Insight and technical understanding would warrant a particular technique....
So we just go braindead and turn the switch regardless of conditions or do we apply a light coating of mechanical empathy?
you assume the need for a technique without considering that perhaps there has been an analysis conducted by a team of professional engineers in an office working for the apu oem, the aircraft manufacturer and the airline whose sole job description might be to consider the effects of temperature on apu/jet engine performance, BEFORE apu certification and IN-SERVICE, on a worldwide fleet, with experience in a range of operating conditions.
An assumption is also made that somehow all pilots around the world have been applying the suggested ‘technique’, leading to the apu reliability rates that underpin etops certification.
No - I just don’t think so. I think pilots have been cranking straight away relying on inbuilt protections (as designed and certified) to auto-shutdown if the apu is unhappy.

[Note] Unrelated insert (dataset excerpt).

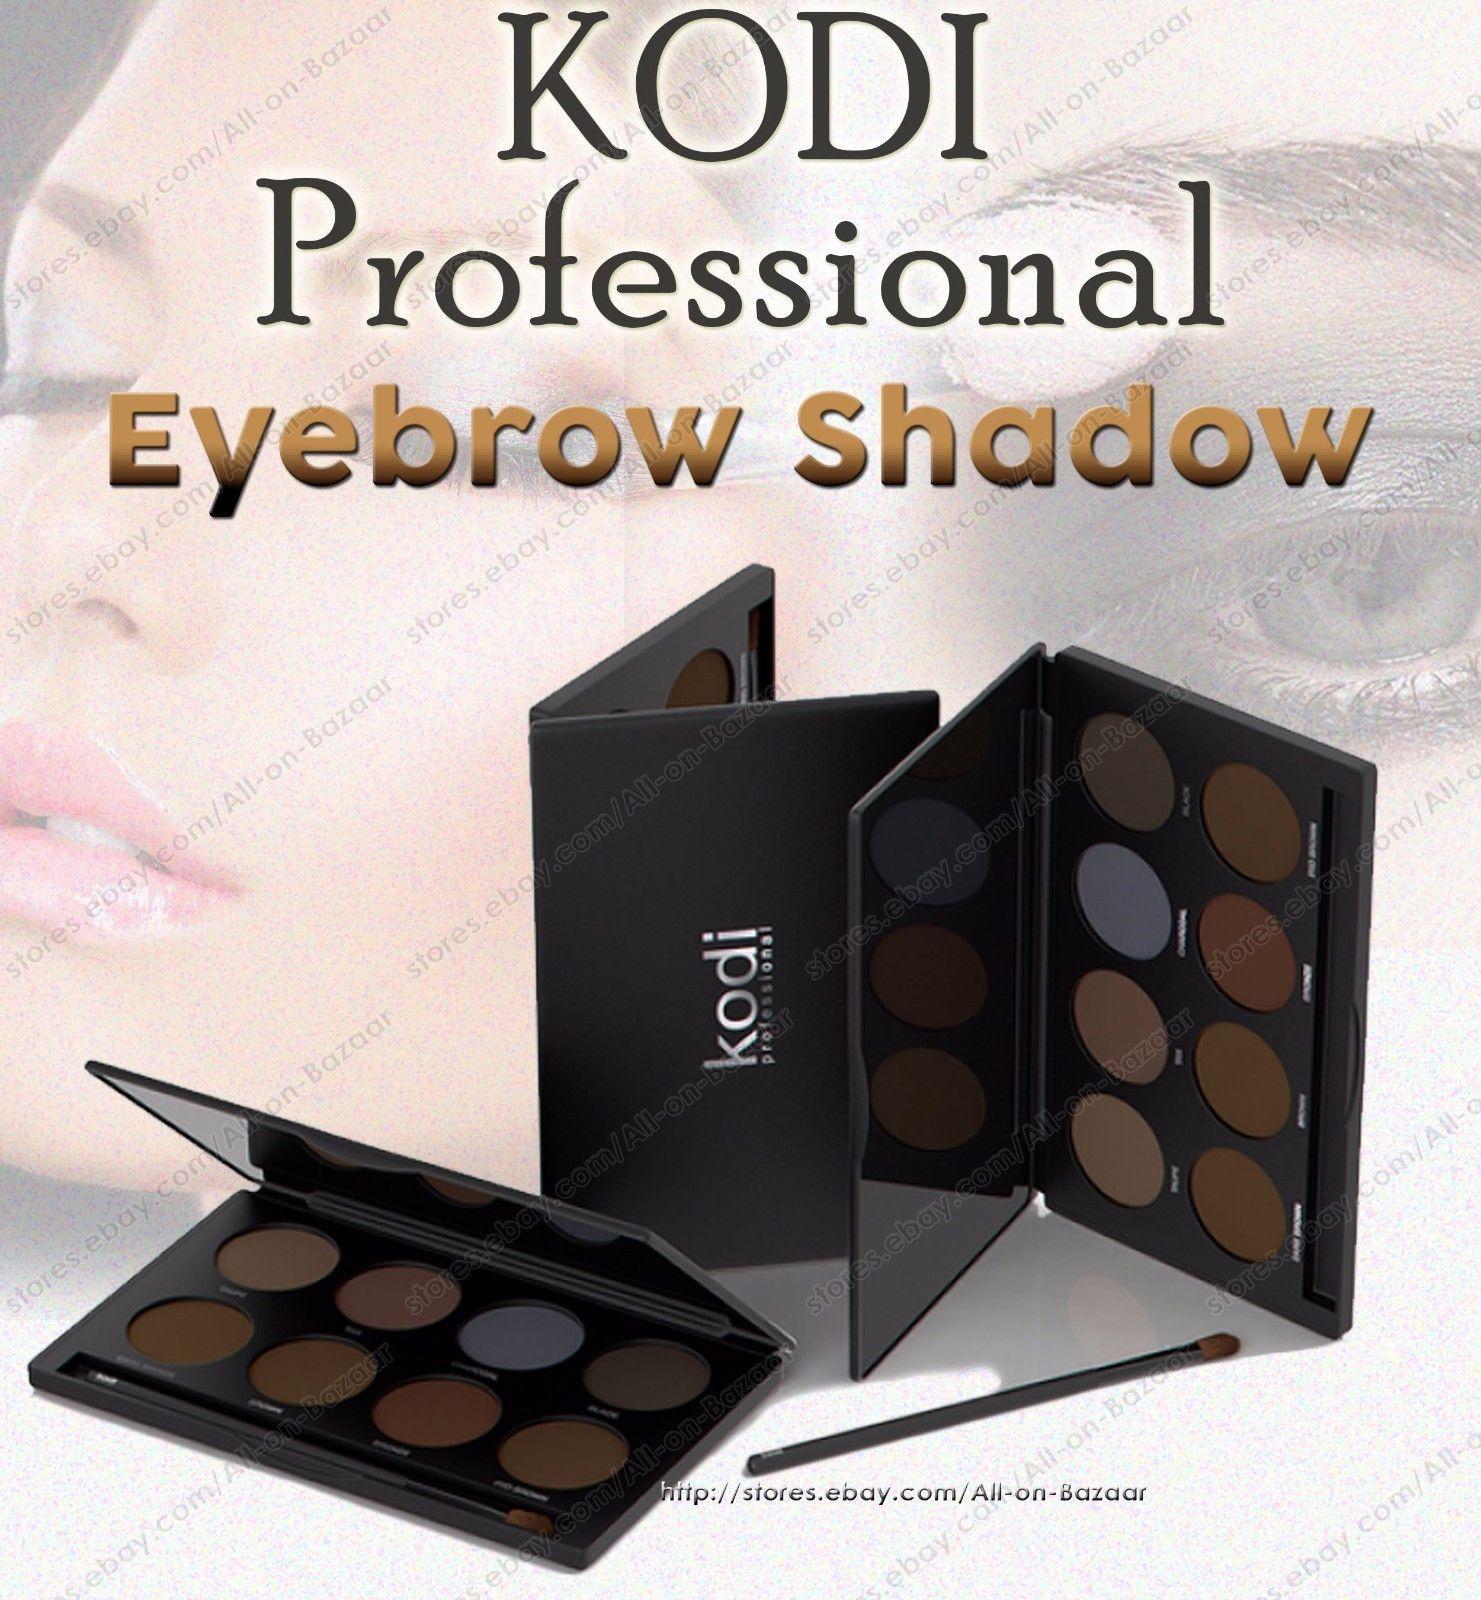 Kodi professinal Eyeshadow Eye Shadow Palette & Makeup Cosmetic Brush Set - $138.00

There is nothing wrong with developing technique, but some measure of reason needs to be applied and tested, and I don’t think delaying an apu start for cold soaked apu because it is thought to be healthy for it, is reasonable. There is no evidence that supports the technique unlike the other examples you gave, which can be sensed immediately and reacted to.

all that said, I think the suggested technique is one of little risk with fod ingestion being the biggest issue but even then, apu’s generally have a screen that captures the crap.

Last edited by QuarterInchSocket; 7th Jul 2019 at 15:15.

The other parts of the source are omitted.